Human subjects approval was obtained from the Wayne State University and University of Cape Town Faculty of Health Sciences ethics committees. Informed consent was obtained from mothers at recruitment and at the child assessment visits; written assent was obtained from the child. Children received a small gift; mothers received compensation consistent with guidelines from the ethics committees and a photo of the child.
Statistical Analysis
Statistical analyses were performed using SPSS, version 22.0. AA/day and marijuana (days/month) were log transformed in both cohorts, as was cocaine use (days/month) in Detroit; none of the women reported using cocaine or methaqualone during pregnancy in Cape Town. Smoking data for seven outliers (>3 SD beyond the mean) in Detroit were recoded to 1 point beyond the next most extreme value (Winer, 1971), as were data for one smoking outlier in Cape Town and three outliers on recognition discrimination in each cohort.

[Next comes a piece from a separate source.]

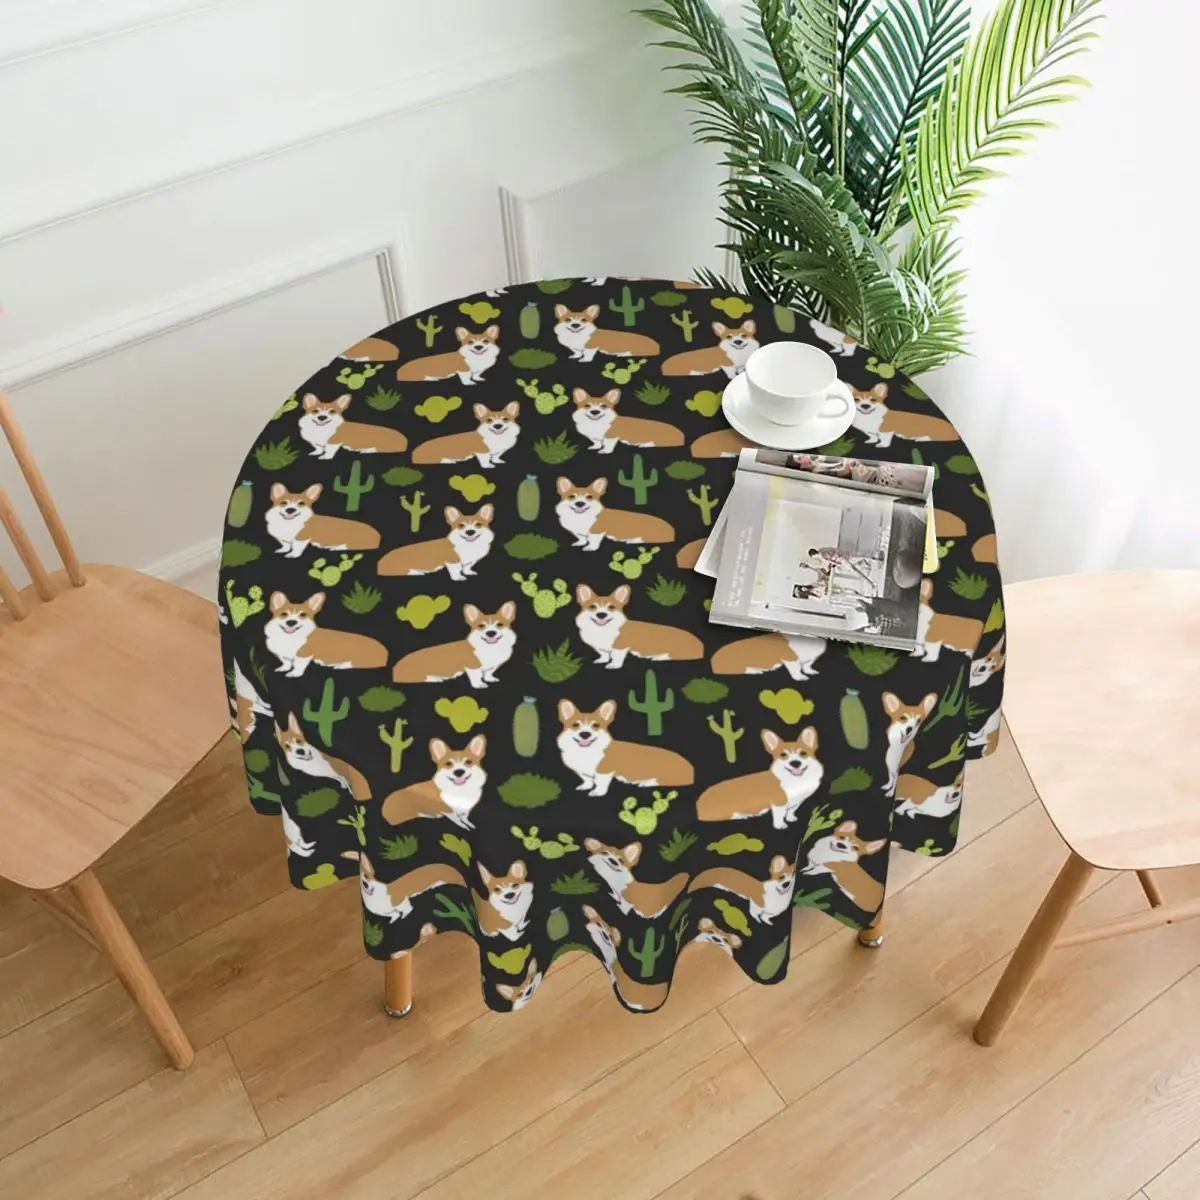 

Cute Corgi Tablecloth Cactus Print Cheap Beautiful Table Cover Dining Printed Protection Polyester Table Cloth

Six variables were considered as potential confounders: socioeconomic status (SES; Hollingshead, 2011), maternal verbal competence (Peabody Picture Vocabulary Test-Revised; Dunn and Dunn, 1981), marijuana and smoking during pregnancy, and child sex and age at testing. Prenatal cocaine exposure was also included as a potential confounder in Detroit. All control variables even weakly related to each outcome (p<.10) were adjusted statistically using analysis of covariance (ANCOVA). Because prenatal exposure to methaqualone (“mandrax”; n=4) and cocaine (n=1) were too rare for statistical adjustment in the Cape Town sample, associations with prenatal alcohol use were rerun omitting these children.

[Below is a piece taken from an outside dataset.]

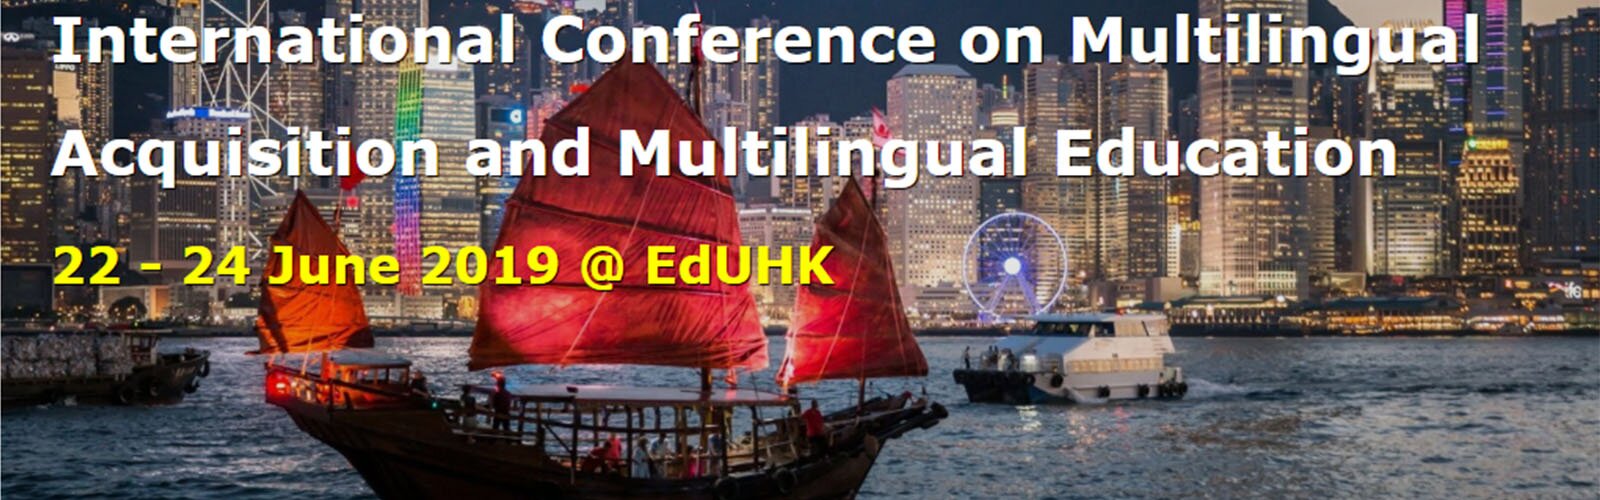 The International Conference on Multilingual Acquisition and Multilingual Education

Effects of heavy and moderate exposure were examined initially by comparing the diagnostic/exposure groups in each cohort. In Cape Town we compared three diagnostic groups (FAS/PFAS, nonsyndromal heavily exposed (HE), and controls). In Detroit we divided exposure into three levels (heavy: ≥1.0 oz AA/day; moderate: 0.5–0.99 oz AA/day; and low: 0.5 oz AA/day). Groups were compared using analysis of variance (ANOVA); for learning across trials, using repeated-measures ANOVA. Post-hoc analyses were calculated with least-significant difference tests. ANCOVAs were run to control for potential confounders. Effects of heavy and moderate exposure were also examined in multiple regression analyses using a continuous measure of exposure, AA/day.
Mediation by IQ was examined using hierarchical multiple regression analyses with AA/day entered at the first step; IQ, at the second. A third set of regressions tested whether fetal alcohol-related recall and recognition deficits were attributable to impaired initial learning; AA/day was entered at the first step, number of words acquired by learning trial 5 at the second. ANCOVAs compared learning strategies by diagnostic group (FAS/PFAS, HE, and controls) in Cape Town.
RESULTS
Sample characteristics
The Cape Town mothers were more economically disadvantaged, less educated, and smoked less than the Detroit mothers (Table 2). They drank more heavily and more frequently, but drinking on a daily basis was rare in both cohorts (Jacobson et al., 2013); most women concentrated their drinking on 1–2 days/week. Although there was a significant decrease across pregnancy in drinks/occasion and frequency among drinkers, these women continued to binge drink, with frequency of binges in later pregnancy averaging approximately 1 day/week in both cohorts (Table 3). Mothers in the Cape Town control group abstained from drinking during pregnancy, except for one who drank one drink on six occasions and one who drank two drinks on three occasions; in Detroit, 49 (16.8%) abstained from drinking. In Cape Town, child age ranged from 8.7–12.2 years; in Detroit, from 13.3–16.5. Although IQ scores were low in both cohorts, they were significantly lower in Cape Town, presumably due to poorer education and the large number of children with full FAS.
Table 2.
Cape Town (N=151) |
Detroit (N=291) |
t or χ² | |
---|---|---|---|
Maternal age at delivery | 26.1 (5.6) |
27.0 (6.1) |
1.51 |
Socioeconomic statusa | 22.0 (9.1) |
29.7 (10.2) |
7.76* |
Maternal education (years) | 9.3 (2.3) |
12.5 (1.9) |
14.85* |
Prenatal alcohol exposureb | |||
AA/day (oz) | 0.9 (0.8) |
0.3 (0.7) |
5.75* |
AA/occasion (oz) | 3.9 (2.4) |
1.9 (2.3) |
6.87* |
Frequency (days/week) | 1.5 (0.9) |
1.0 (1.1) |
3.63* |
Prenatal marijuana (days/month)c | 2.5 (1.9) |
3.3 (3.8) |
0.80 |
Prenatal smoking (cigarettes/day)d | 7.5 (5.6) |
14.8 (10.4) |
7.73* |
Child’s age at testing (years) | 10.3 (0.9) |
14.4 (0.6) |
52.21* |
Sex (% male) | 51.0 | 57.4 | 1.60 |
WISC IQe | 73.4 (13.8) |
79.0 (13.0) |
4.25* |
Values are mean (SD) or %.
Hollingshead Four Factor Index of Social Status Scale (Hollingshead, 2011). Cape Town: mean=low end of Hollingshead Level IV of five levels, mainly semi-skilled workers; Detroit: mean=low end of Level III, mainly skilled workers, clerical, sales.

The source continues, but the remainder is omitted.